Start of STORED DATA
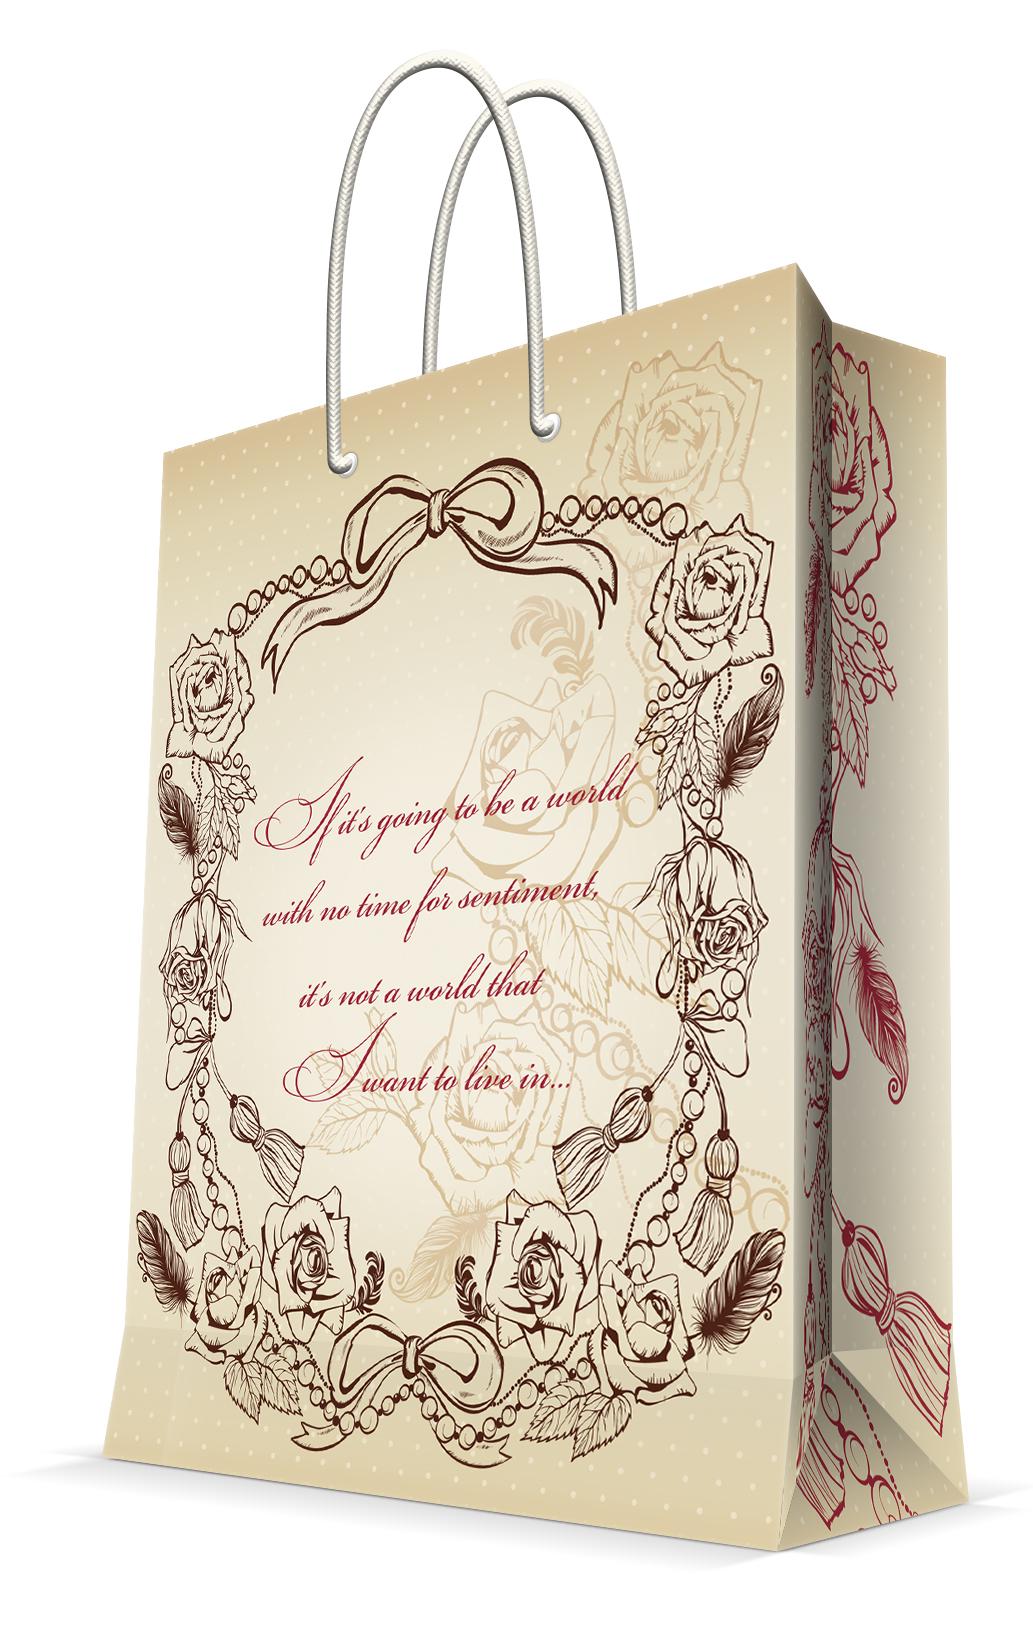 Пакет подарочный Magic Home Виньетка, 17,8 х 22,9 х 9,8 см44173Подарочный пакет Magic Home, изготовленный из плотной бумаги, станет незаменимым дополнением к выбранному подарку. Дно изделия укреплено картоном, который позволяет сохранить форму пакета и исключает возможность деформации дна под тяжестью подарка. Пакет выполнен с глянцевой ламинацией, что придает ему прочность, а изображению - яркость и насыщенность цветов. Для удобной переноски имеются две ручки в виде шнурков. Подарок, преподнесенный в оригинальной упаковке, всегда будет самым эффектным и запоминающимся. Окружите близких людей вниманием и заботой, вручив презент в нарядном, праздничном оформлении. Плотность бумаги: 140 г/м2.
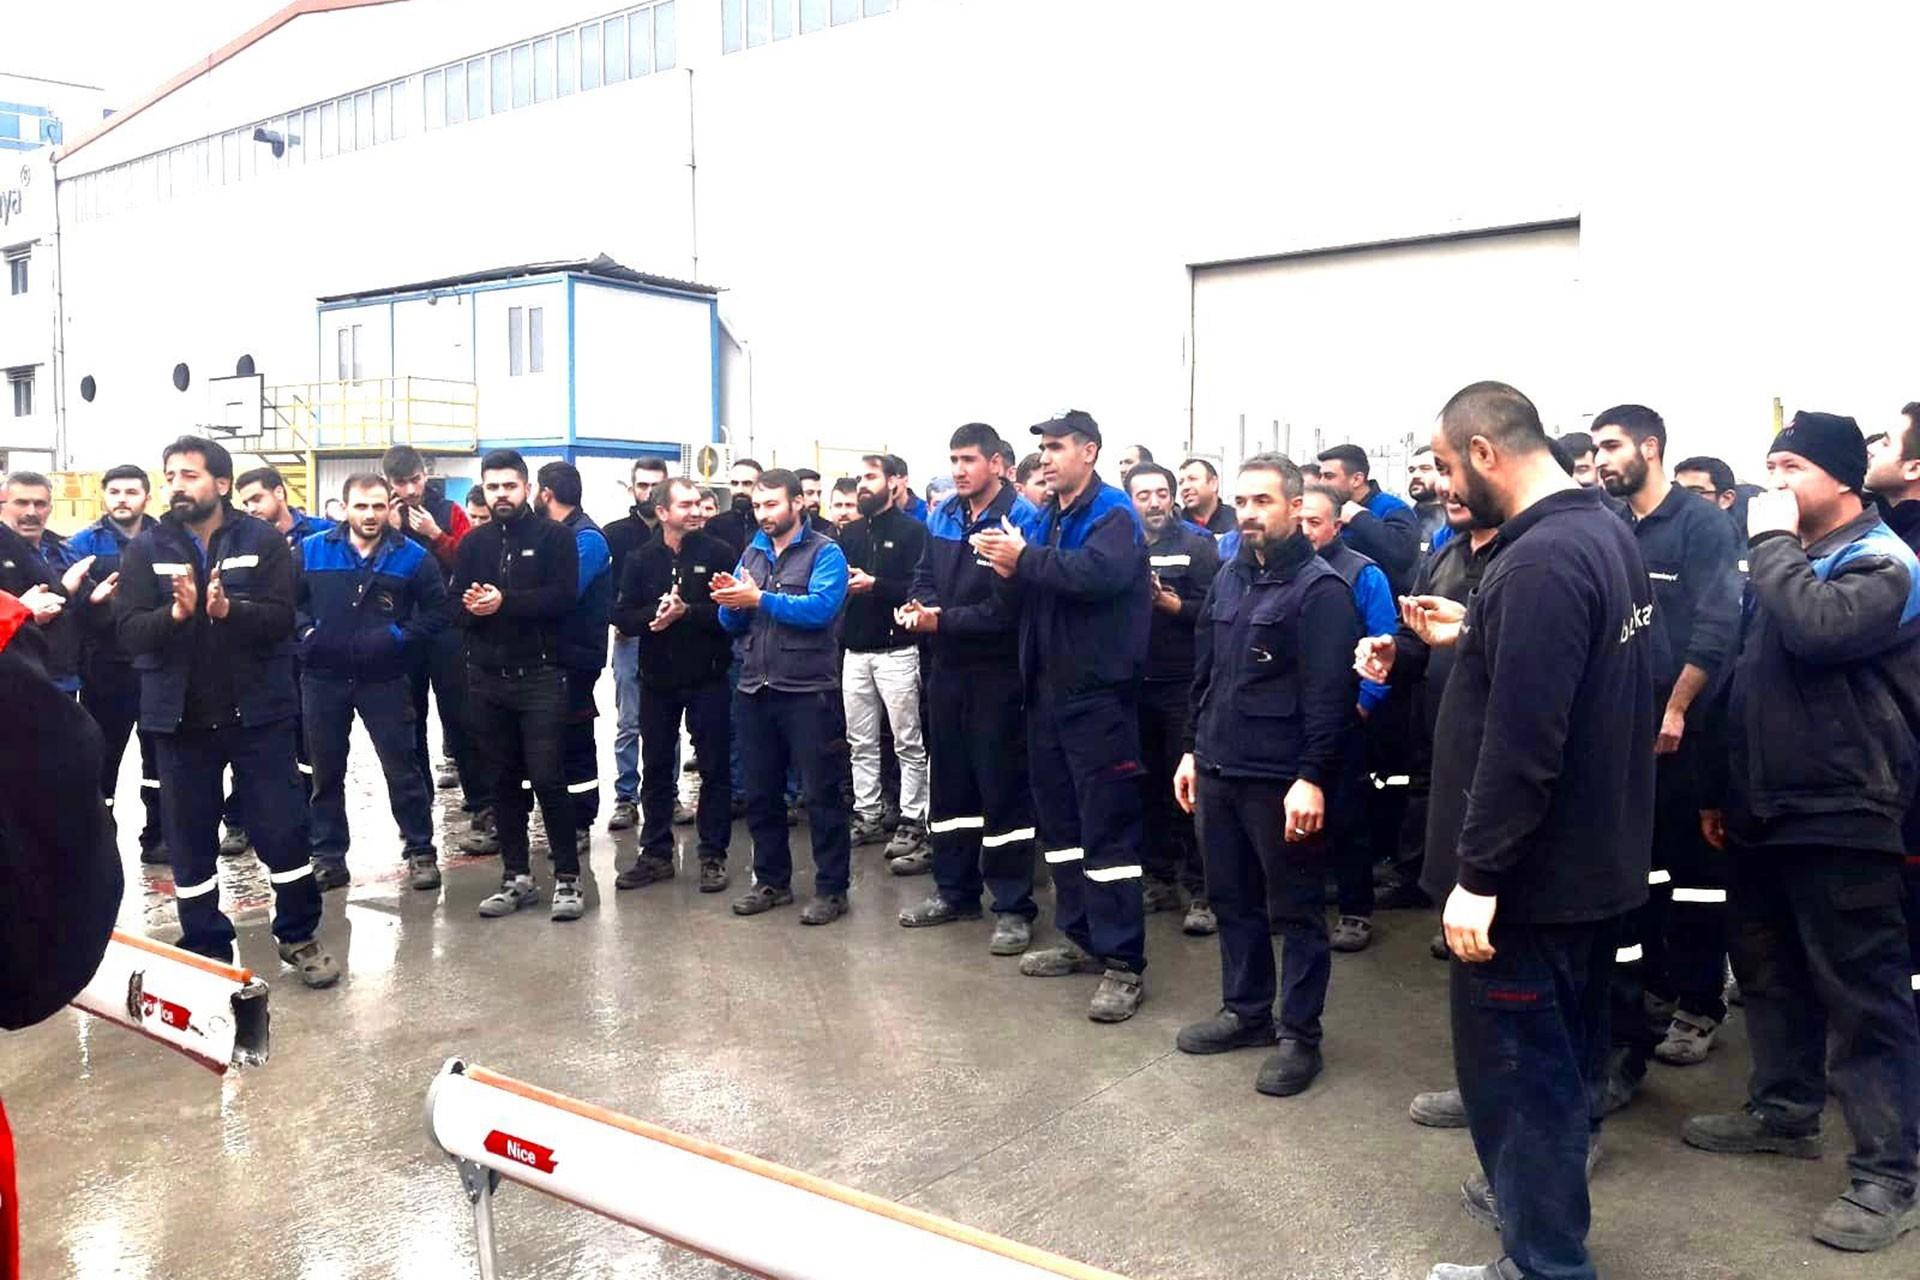 Birleşik Metal-İş üyesi Bozankaya işçileri kalabalık biçimde fabrika önünde işten atmaları protesto ediyor.
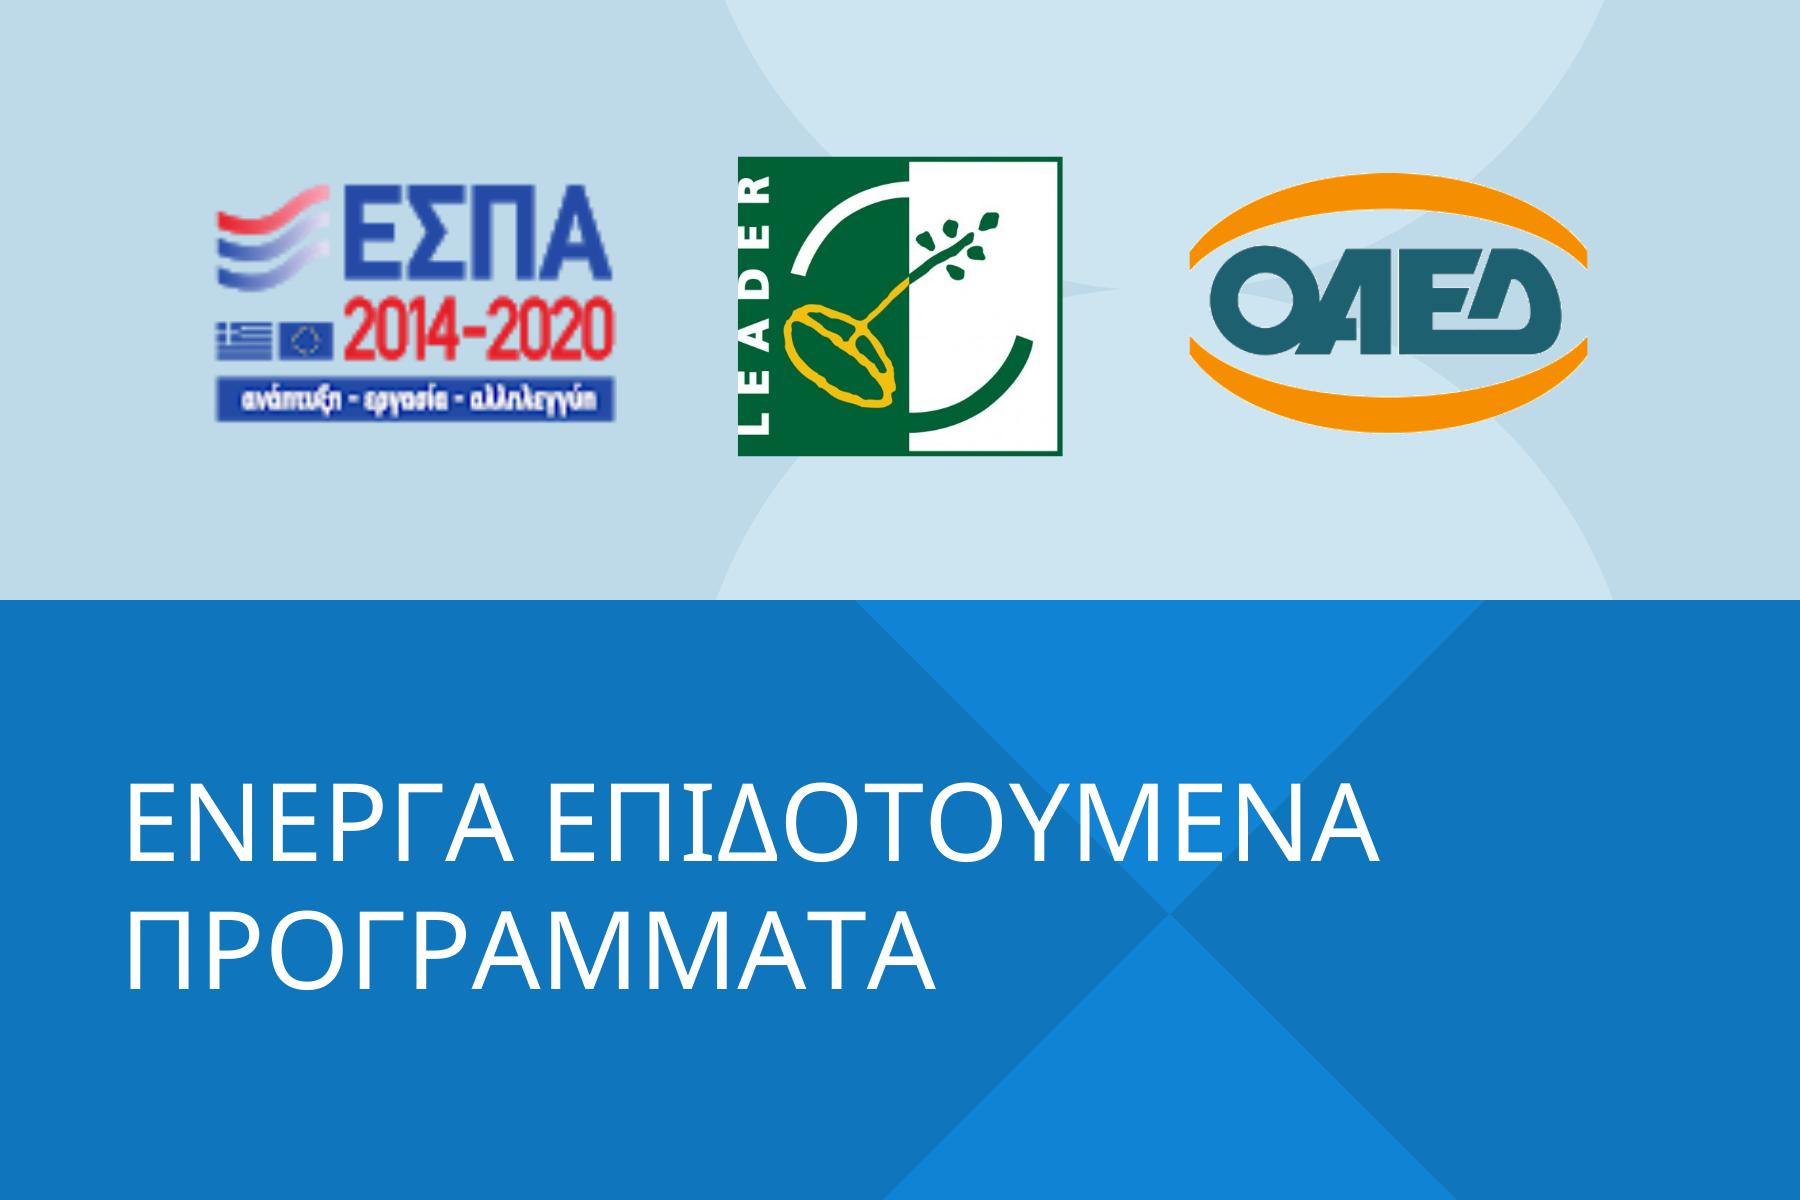 espa_open_programs
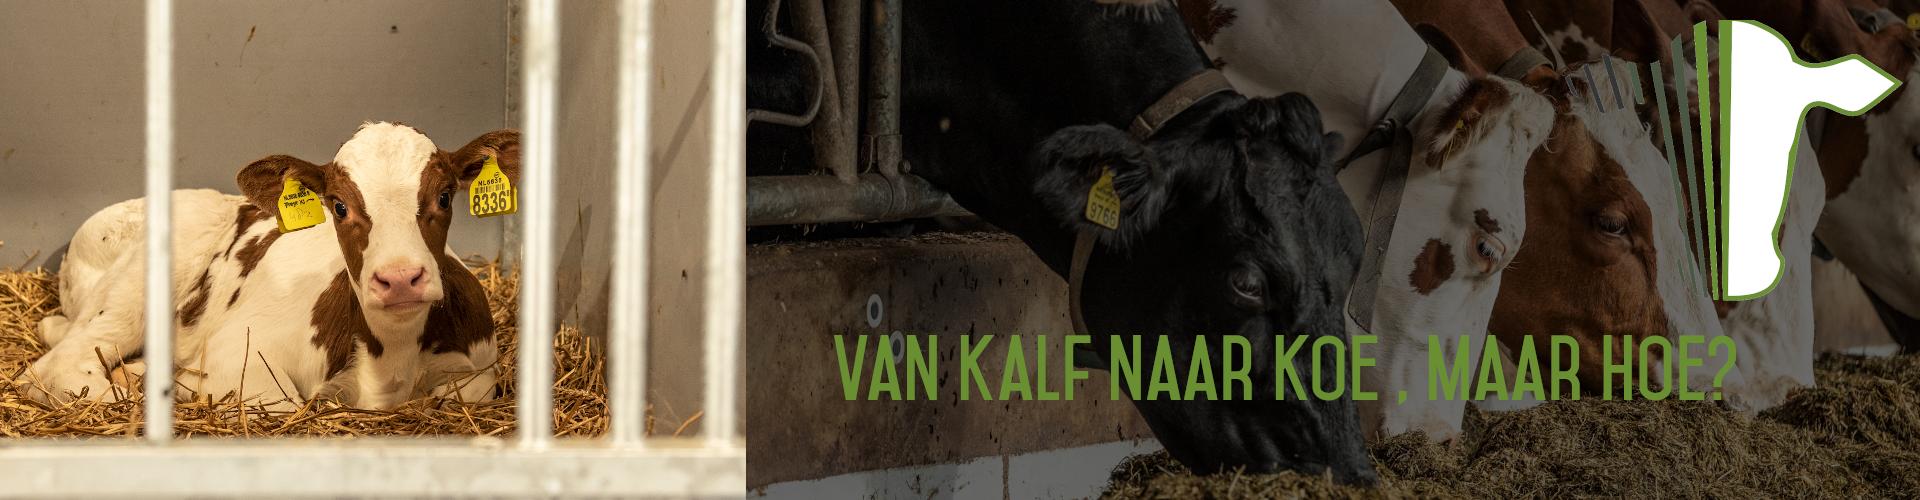 van kalf naar koe
End of STORED DATA
== TRY IT ==
Reproduce the data verbatim. Do not carry any picture into the copy.

== EXERCISE OUTPUT ==
 Пакет подарочный Magic Home Виньетка, 17,8 х 22,9 х 9,8 см44173Подарочный пакет Magic Home, изготовленный из плотной бумаги, станет незаменимым дополнением к выбранному подарку. Дно изделия укреплено картоном, который позволяет сохранить форму пакета и исключает возможность деформации дна под тяжестью подарка. Пакет выполнен с глянцевой ламинацией, что придает ему прочность, а изображению - яркость и насыщенность цветов. Для удобной переноски имеются две ручки в виде шнурков. Подарок, преподнесенный в оригинальной упаковке, всегда будет самым эффектным и запоминающимся. Окружите близких людей вниманием и заботой, вручив презент в нарядном, праздничном оформлении. Плотность бумаги: 140 г/м2.
 Birleşik Metal-İş üyesi Bozankaya işçileri kalabalık biçimde fabrika önünde işten atmaları protesto ediyor.
 espa_open_programs
 van kalf naar koe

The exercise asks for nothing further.